Our data characteristics and research goals

This is a brief report assessing which prediction accuracy measure(s) may be appropriate for assessing the forecast accuracy of the two health outcome time series using the previously developed latent process time series and spatial-temporal models.

We have several research questions that require an ability to compare forecast accuracy in different scenarios.

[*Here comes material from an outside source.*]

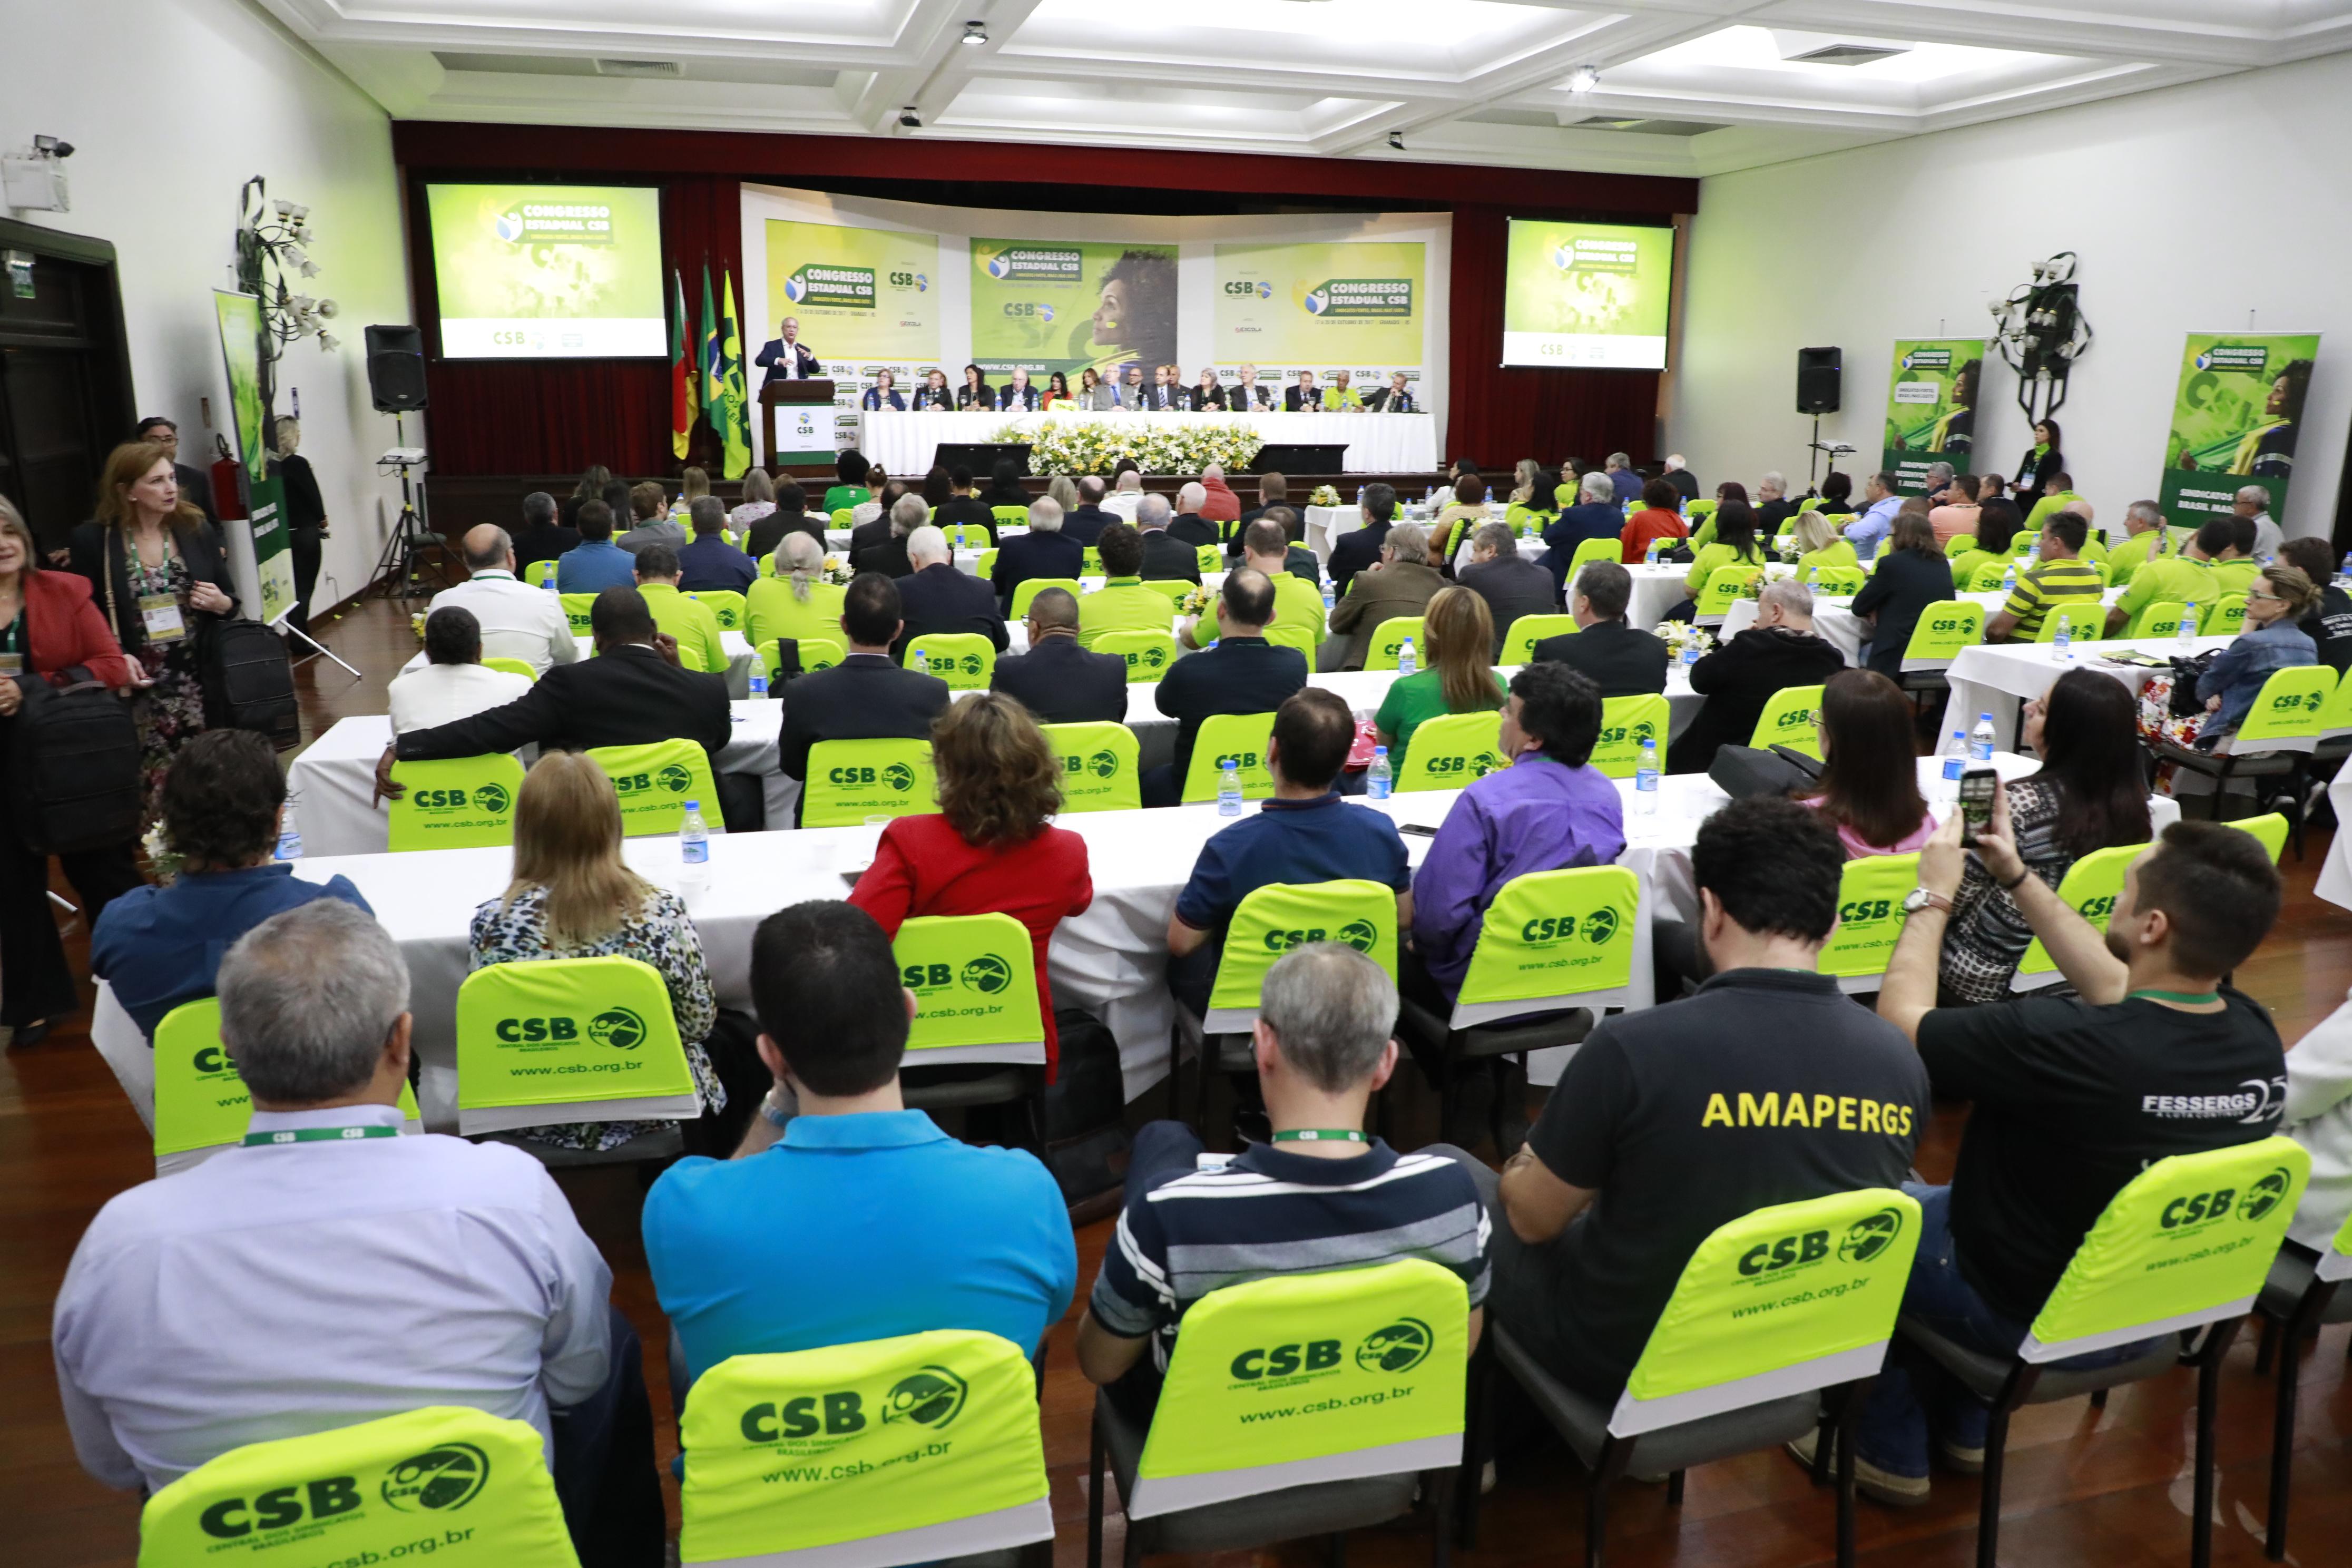 O Brasil precisa se livrar da dependência estrangeira, defende Ciro Gomes

  1. How does the spatial-temporal model compare to the temporal model on the same forecast horizon data? (Comparison between models for data with same units and scale).
  2. How does each model perform in more populated vs. sparsely populated regions of the province? (Comparisons of the same model between different datasets with the same units but very different scales)
  3. How does each model perform on each health outcome? (Comparisons of the same models on data with different units and potentially different scales).

Therefore, we need relative measures that are not sensitive to changes in units or scale. However, our data also contain a large number of zeros, making relative measures difficult.

There are two primary types of forecast accuracy metrics:

  1. Comparison between the true observed value \(y_t\) and the predicted value \(\hat{y_t}\), based on the error e.g., \(e_t = y_t - \hat{y_t}\)

  2. Comparison between the accuracy of a proposed method (\(e_t\) from above) and a baseline method, often a naive forecast such as the last available datapoint (random walk), or possibly adjusting for seasonal trends only.

The second option provides more flexibility but also potentially complicates comparisons between multiple proposed models. Given the goals of our analyses, we likely will favour the first approach.

Summary of previously used metrics

The most commonly used metrics that fit into type (1) above are:

Measure Formula (for Mean)
Mean (Median) absolute error, M(d)AE \(\frac{1}{n} \sum | e_t |\)
Mean (Median) squared error, M(d)SE \(\frac{1}{n} \sum e_t^2\)
Root Mean (Median) squared error, M(d)SE \(\sqrt{ \frac{1}{n} \sum e_t^2}\)
Mean (Median) absolute percentage error, M(d)APE \(\frac{1}{n} \sum | \frac{e_t} {y_t}|\)
Symmetric Mean (Median) absolute percentage error, SM(d)APE \(\frac{1}{n} \sum \frac{| e_t|} { |y_t| + |\hat{y_t}|}\)

Excluded are any measures purely based on ranking, in addition to those based on a naive baseline method.

There are benefits and limitations to each measure, and there are no standard best practices. In fact, inappropriate metrics have been frequently used even in large prediction competitions\(^1\).

Measure Robustness to outliers Ability to address zeros Comparisons across different scales
M(d)AE Stable Defined \(y_t \in R\) Scale/unit dependent
M(d)SE Sensitive Defined \(y_t \in R\) Scale/unit dependent
RM(d)SE Sensitive Defined \(y_t \in R\) Scale/unit dependent
M(d)APE Stable Undefined if \(y = 0\) Relative measure (%)
SM(d)APE Stable Undefined if \(y = \hat{y}\) Relative measure (%)

Proposed metric for our data

The mean or median absolute percentage error, M(d)APE is likely the most appropriate metric out of the above options, given that it is scale-independent, and this is why it was used in the first manuscript. However, there are too many zeros within our dataset in the regions with smaller populations. I propose a modified version of the M(d)APE that standardizes the absolute error by dividng by the mean true value across the forecast horizon. Let’s call this the horizon-standardized M(d)APE:

\[ HS MAPE = \frac{1}{n} \sum_{i=1}^n \frac{|y_i - \hat{y_i}| }{ \frac{1}{n} \sum_{i=1}^n y_i } \]

This denominator will not be zero except in degenerate cases, will be consistent across different models (whereas the window may change), and this will standardize each absolute measure of accuracy by the expected value across the horizon. I’m not sure about any theoretical properties of this metric, but most of the others don’t have great properties either.

The MAPE will be more sensitive to ‘accuracy outliers’ in the forecast horizon (instability in the modelling that may lead to very large values of MAPE) than the MdAPE, and so I propose that the mean and median versions are both used together.


\(^1\) Hyndman, Rob J., and Anne B. Koehler. “Another look at measures of forecast accuracy.” International Journal of Forecasting 22.4 (2006): 679-688.